Berlin’s “Candy Bomber” encourages women to get behind the controls

Rotation

Lean Into Aviation (3)NEW YORK: For the rare few that might have leftover Halloween candy on hand consider this – one man’s conviction to lift the spirits of children in war-torn Berlin resulted in pilots conducting operations during the Berlin airlift and dropping more than 23 tons of candy across the city.

Now famously known as the “Candy Bomber,” the “Chocolate Flyer” and “Uncle Wiggly Wings” for shaking his wings over Berlin Tempelhof as a signal for kids to look for the candy attached to parachutes fashioned from handkerchiefs, Gail Halvorsen is an aviation legend whose passion for both piloting and the Air Force’s core value of “service before self” still burns bright at 94 years old.

photo (7)

Aviation legend Gail Halvorsen receives Lifetime Achievement In Excellence Award from Lufthansa

But Halvorsen also has a strong belief that women should have the same opportunities in piloting and the aviation business as men. “It is an exciting field, it doesn’t matter what gender you are…just get a hold of those controls,” he tells Runway Girl Network. “There is no reason why young women can’t get out there and get a pilot’s license and see how you like it.”

Halvorsen also recalls that he studied with a number of women at the University of Florida when he was obtaining a masters in aeronautical engineering in the late 1940s and early 1950s. “Women can do it just as well as anyone.

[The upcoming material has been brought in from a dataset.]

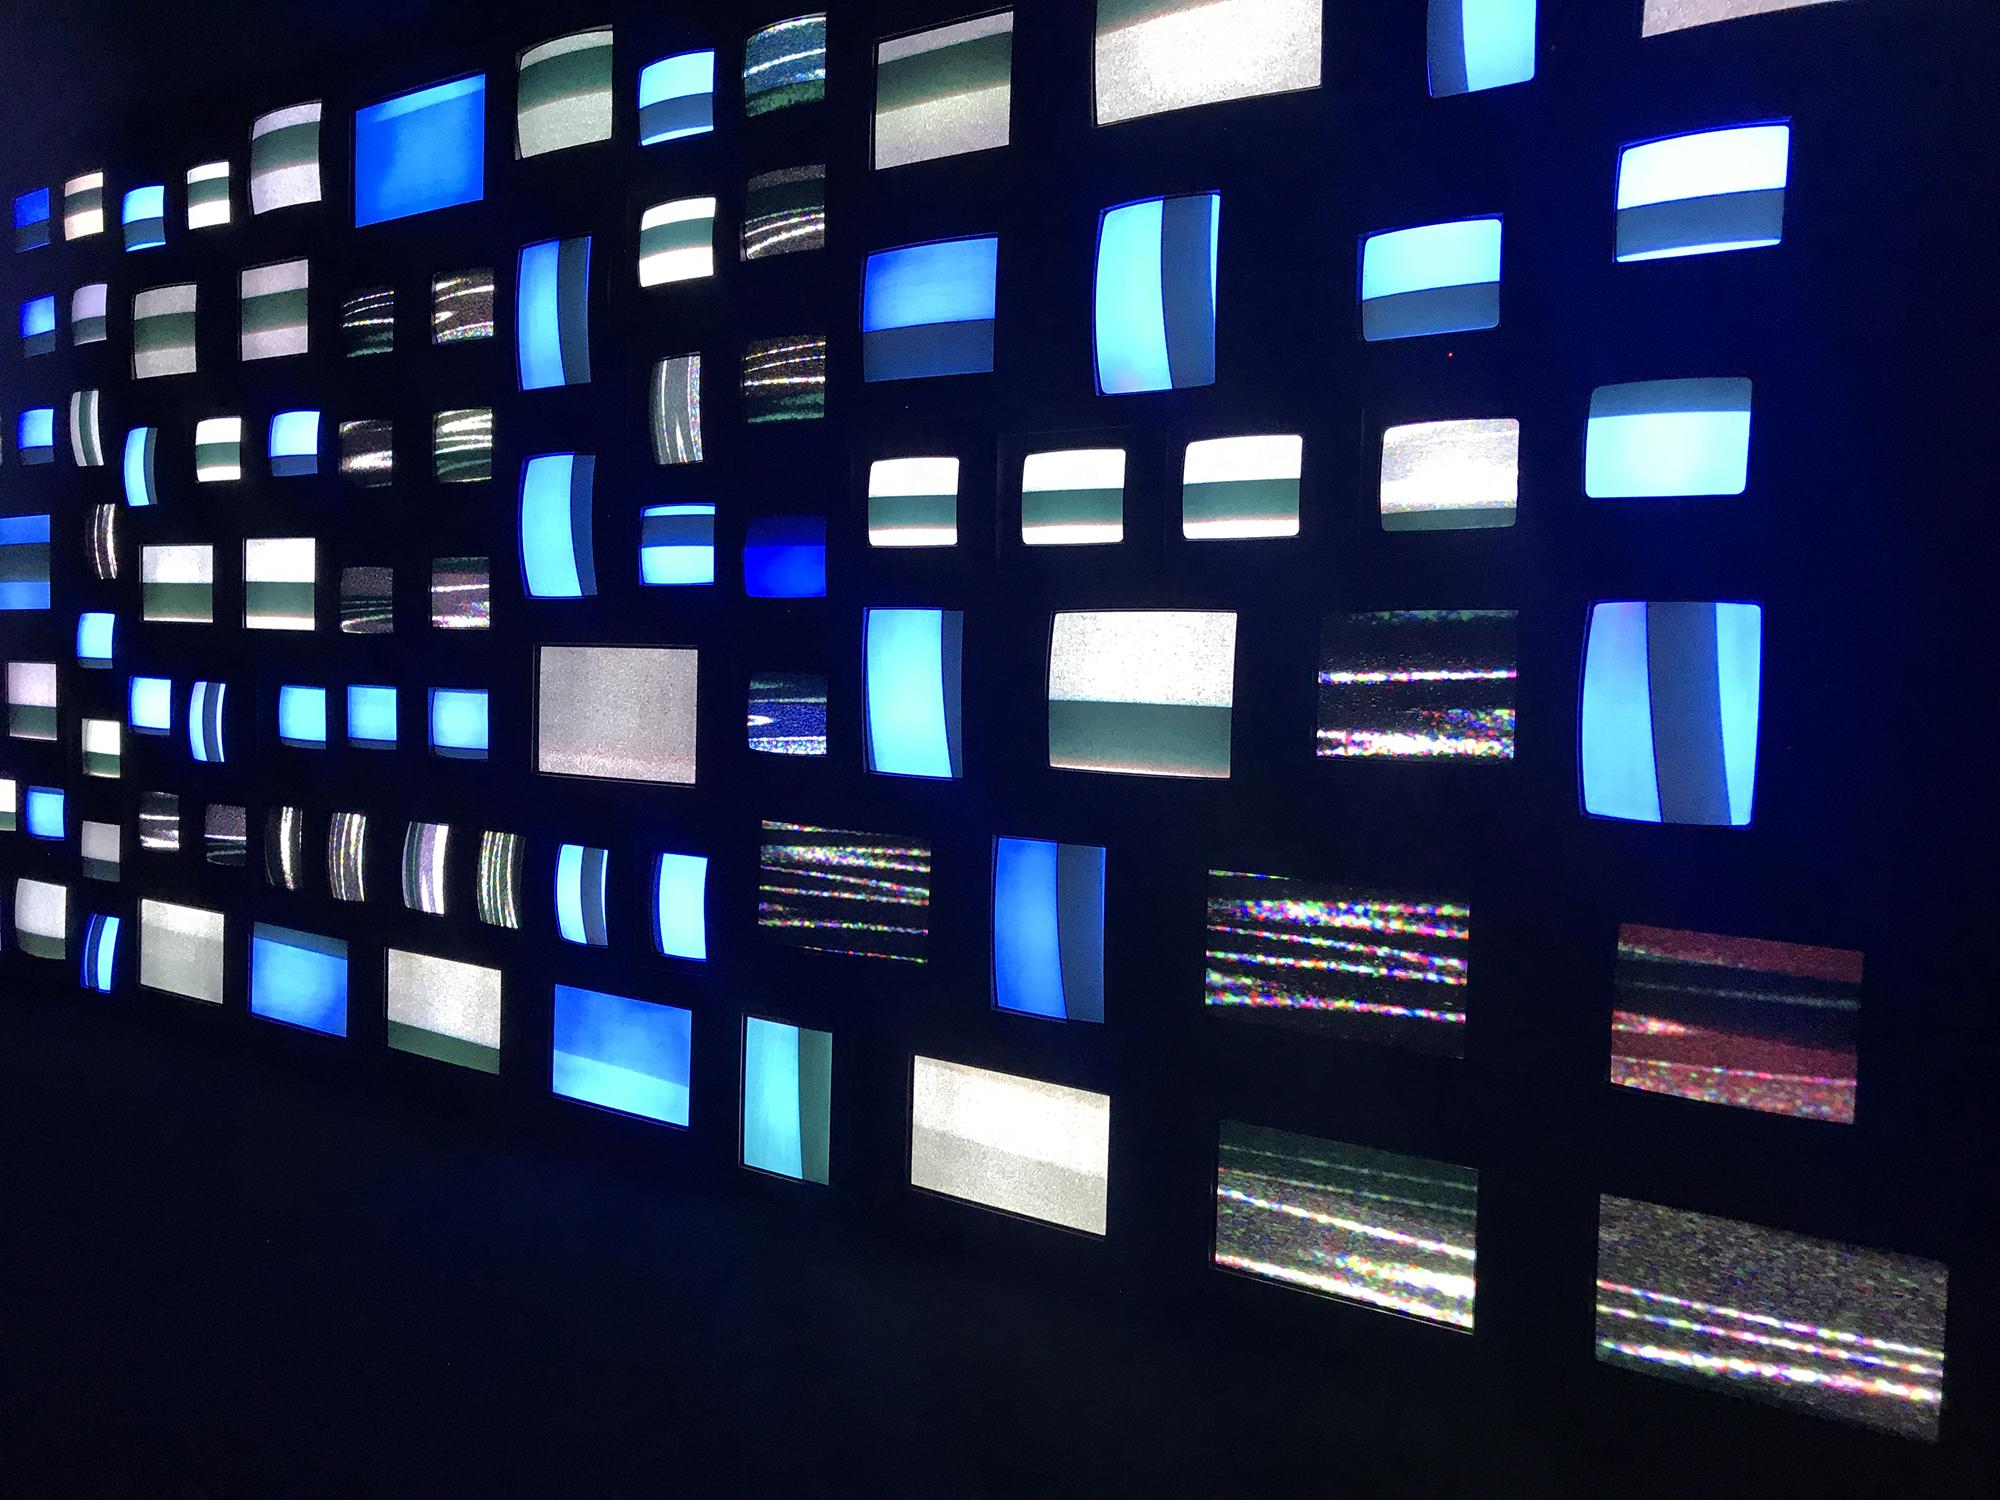 Susan Hiller: Channels, 2013

Guys don’t have it cornered on how to do it,” says Halvorsen.

He also stresses that women were ferry pilots during World War II and Ameila Earhart “was my hero”.

After concluding the sometimes harrowing missions during the Berlin airlift, Halvorsen and his wife Alta built family that included five children, 24 grandchildren and seven great grandchildren. One of his sons is a captain for Delta Air Lines and he also has a grandson in the aviation business.

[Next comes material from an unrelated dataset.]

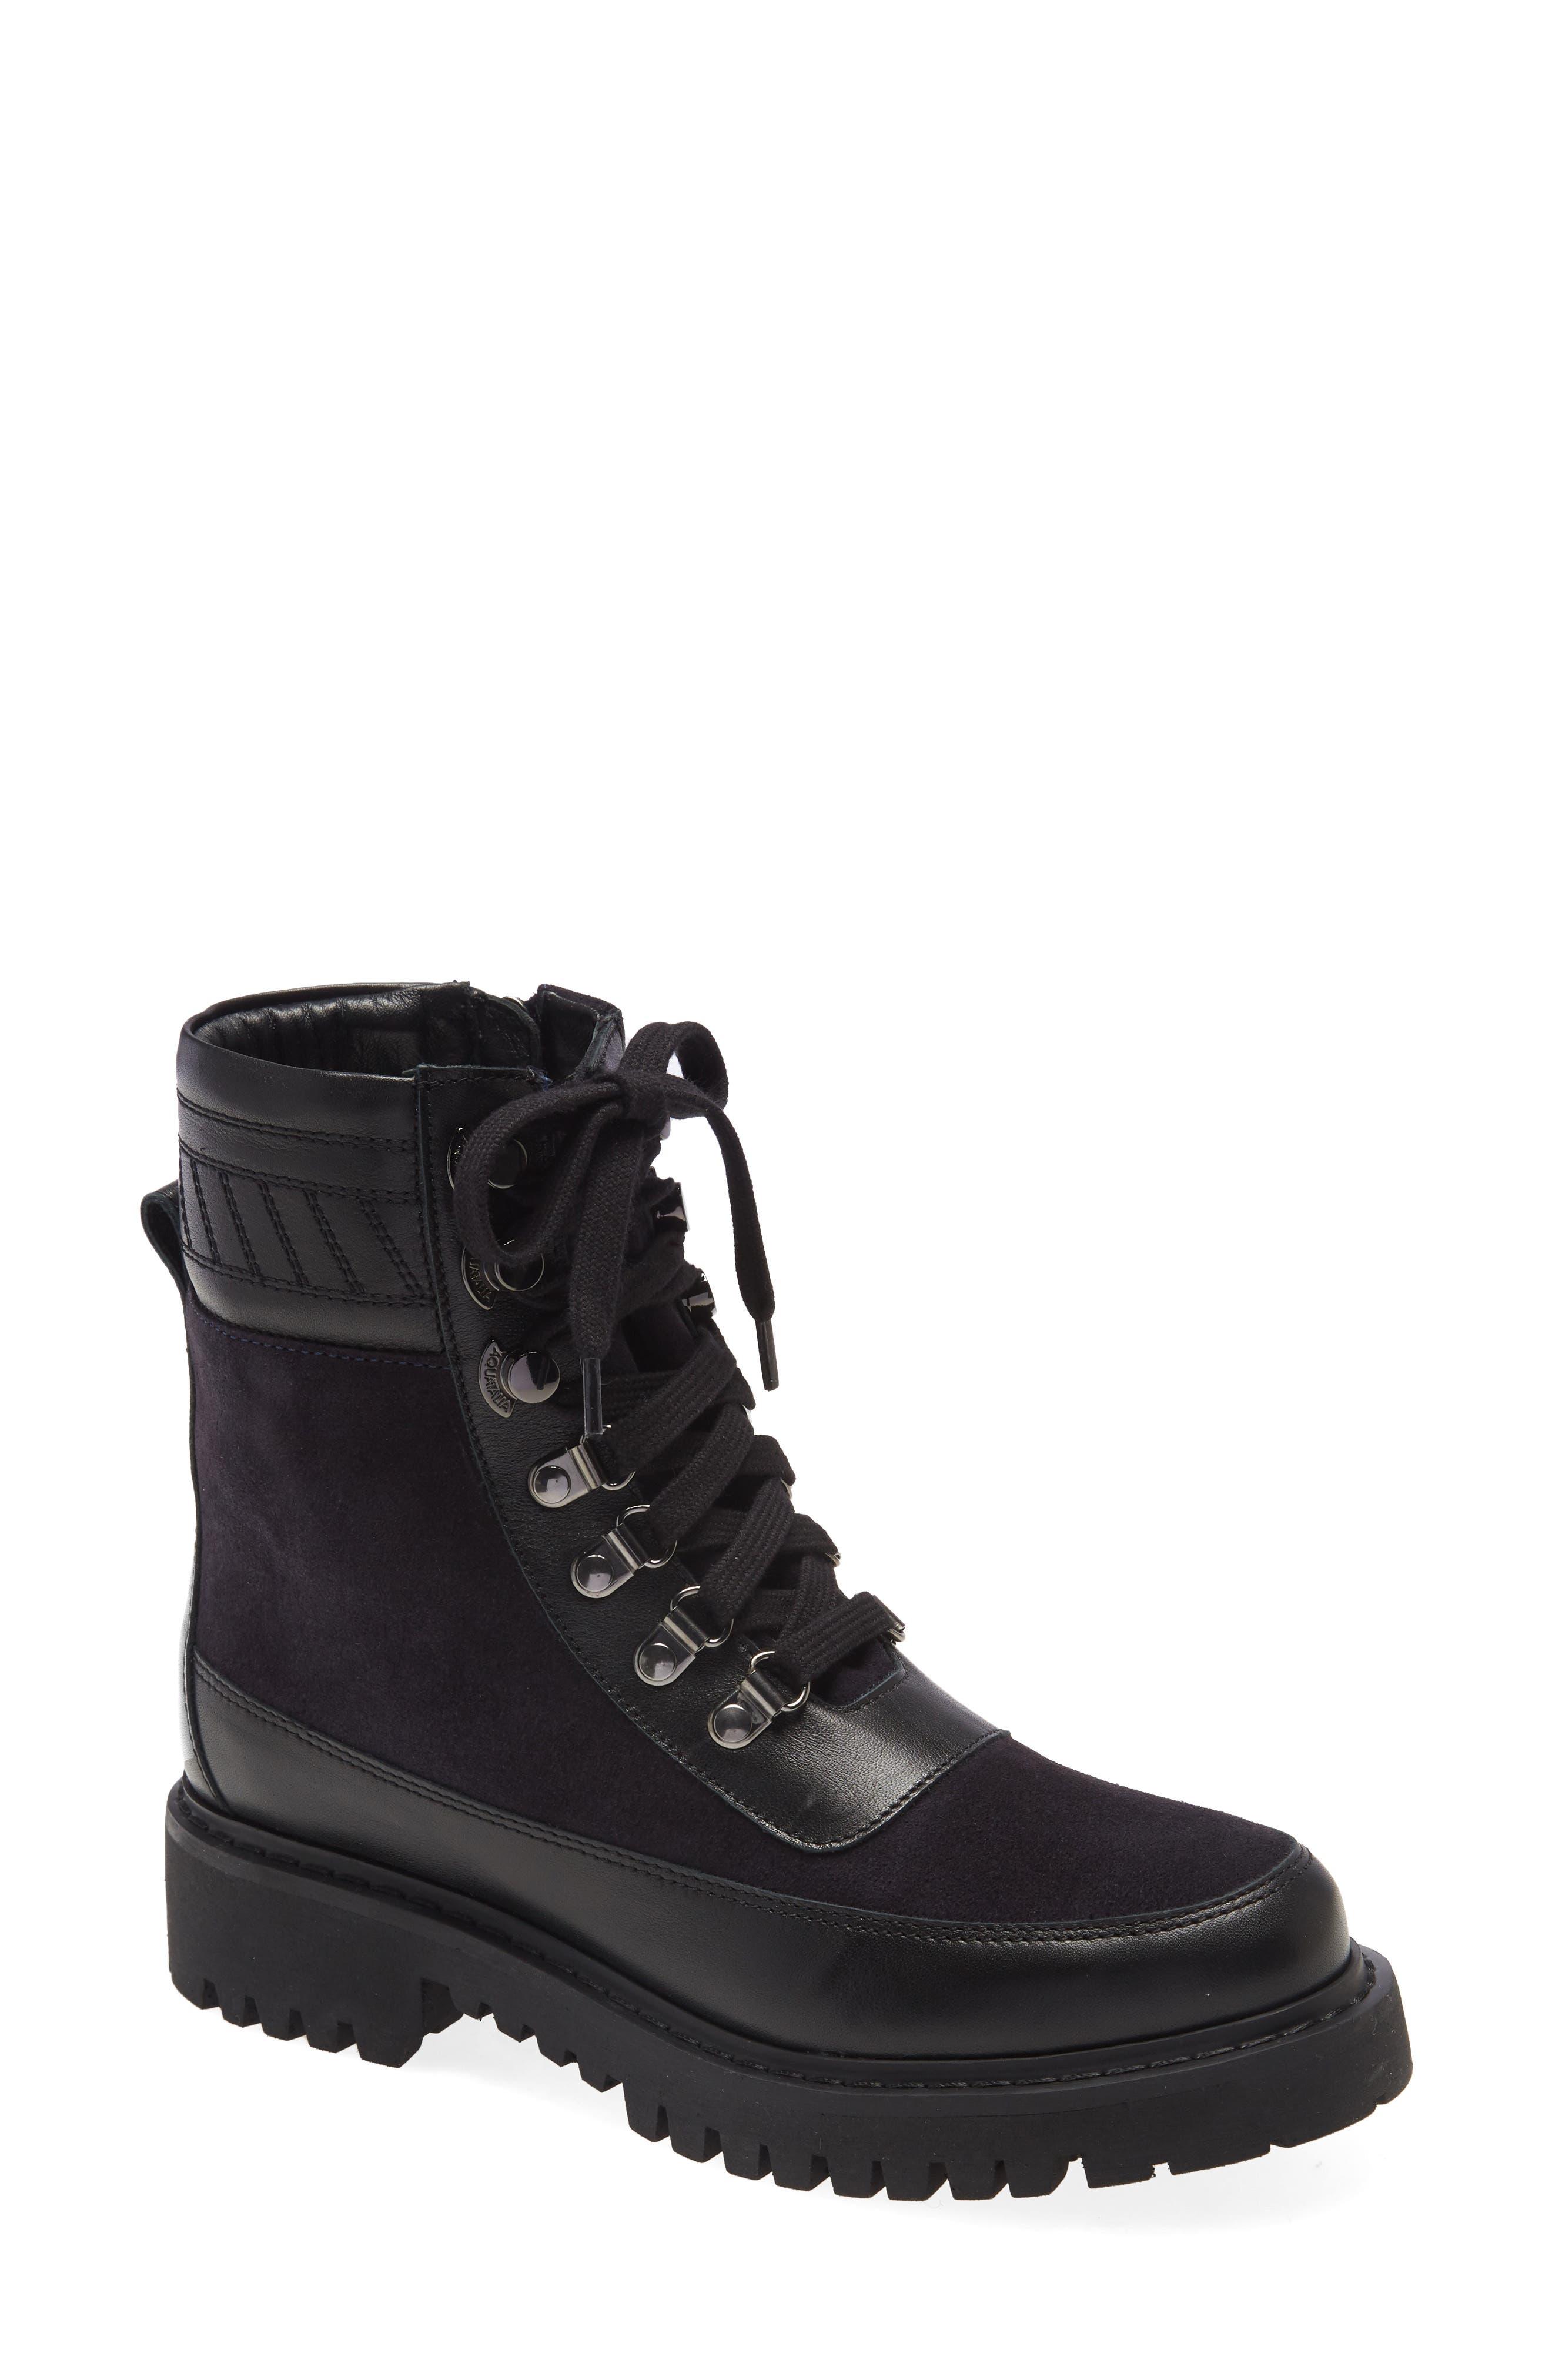 Johanna Waterproof Hiker Boot

But Uncle Wiggly Wings also says he has “several granddaughters who are interested in becoming pilots”.

In an interesting twist of fate, Halvorsen married his high school sweetheart Lorraine Mitchell after Alta passed away, and she tells Runway Girl Network the two recently took a flight where both pilots were women. “It was a very good landing, they [women] know how to do it,” Lorraine says.

Halvorsen’s latest honor is receiving the Lifetime Achievement In Excellence Award from Lufthansa for his compassion that eased the suffering of many Berliners during a time when “not only their country was divided, but their city was divided,” said Lufthansa VP of the Americas Juergen Siebenrock during an event to celebrate Halvorsen in New York. “You were basically helping your former enemy recover and survive.”

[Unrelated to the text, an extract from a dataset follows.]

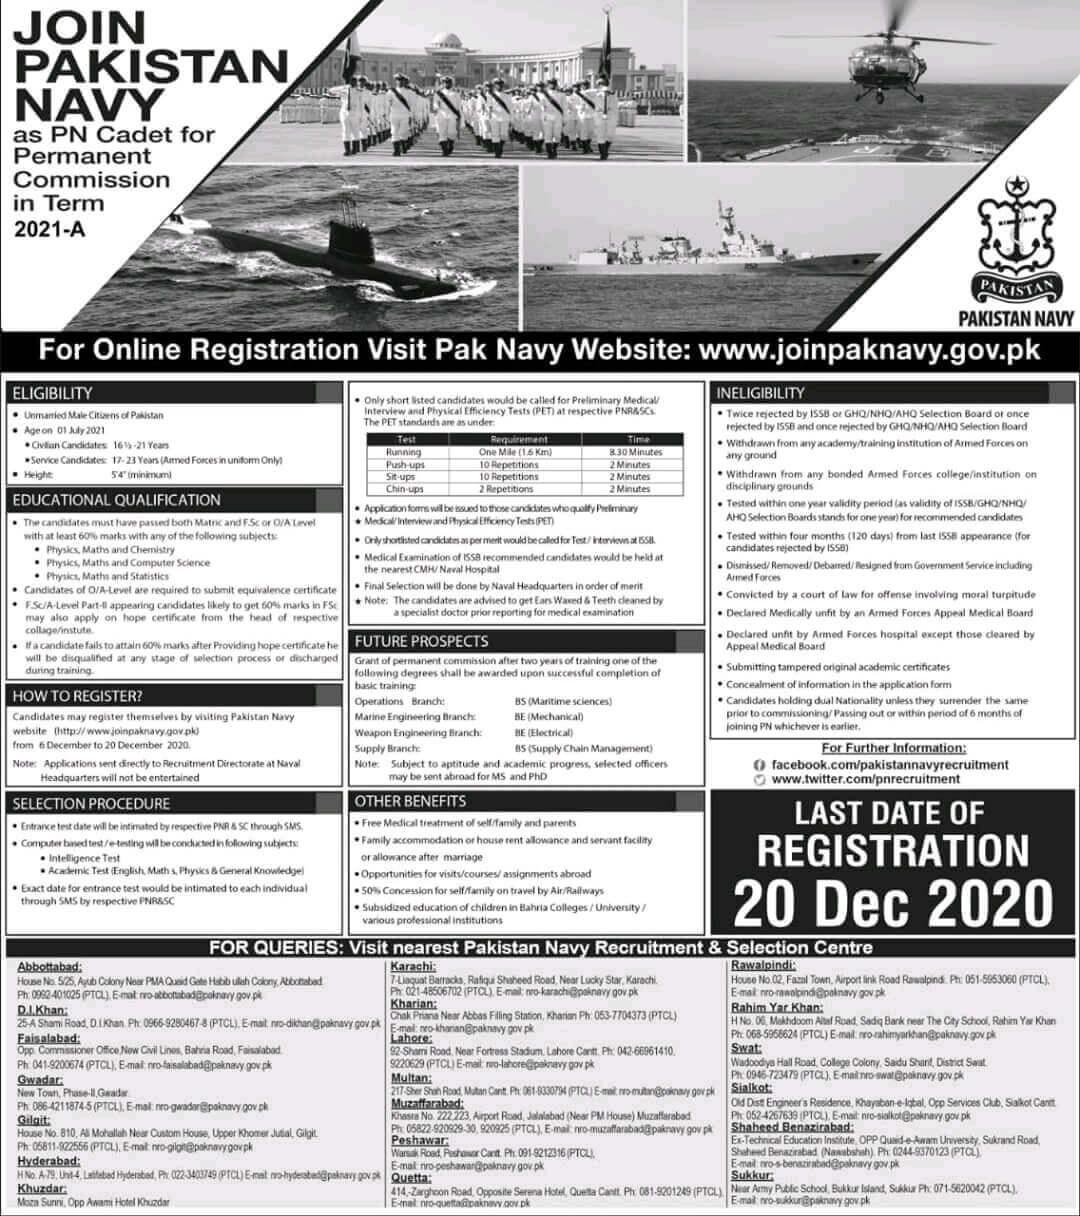 Join Pak Navy as PN Cadet Online Registration 2021-A Permanent Commission

The Candy Bomber also broke with Air Force protocol during his initial flights that dropped candy to Berlin’s children. While Halvorsen is not an advocate for rule-breaking he does believe that “at some point the occasion might be so important..I did take a chance…when you saw the look in the kids eyes, just when they got the smell of the wrapper, you knew you had to do something and it was not going to hurt anybody.”

Halvorsen’s commanding General William Tunner saw coverage in the press of the candy drops during the Berlin airlift before his Colonel in charge at the time. As his Colonel called him to discuss the drops, Halvorsen recounts, “I thought I was going to get court martialed.” But the General advised the Colonel, “Don’t chew him out. Let him keep doing it. The General saved my career.”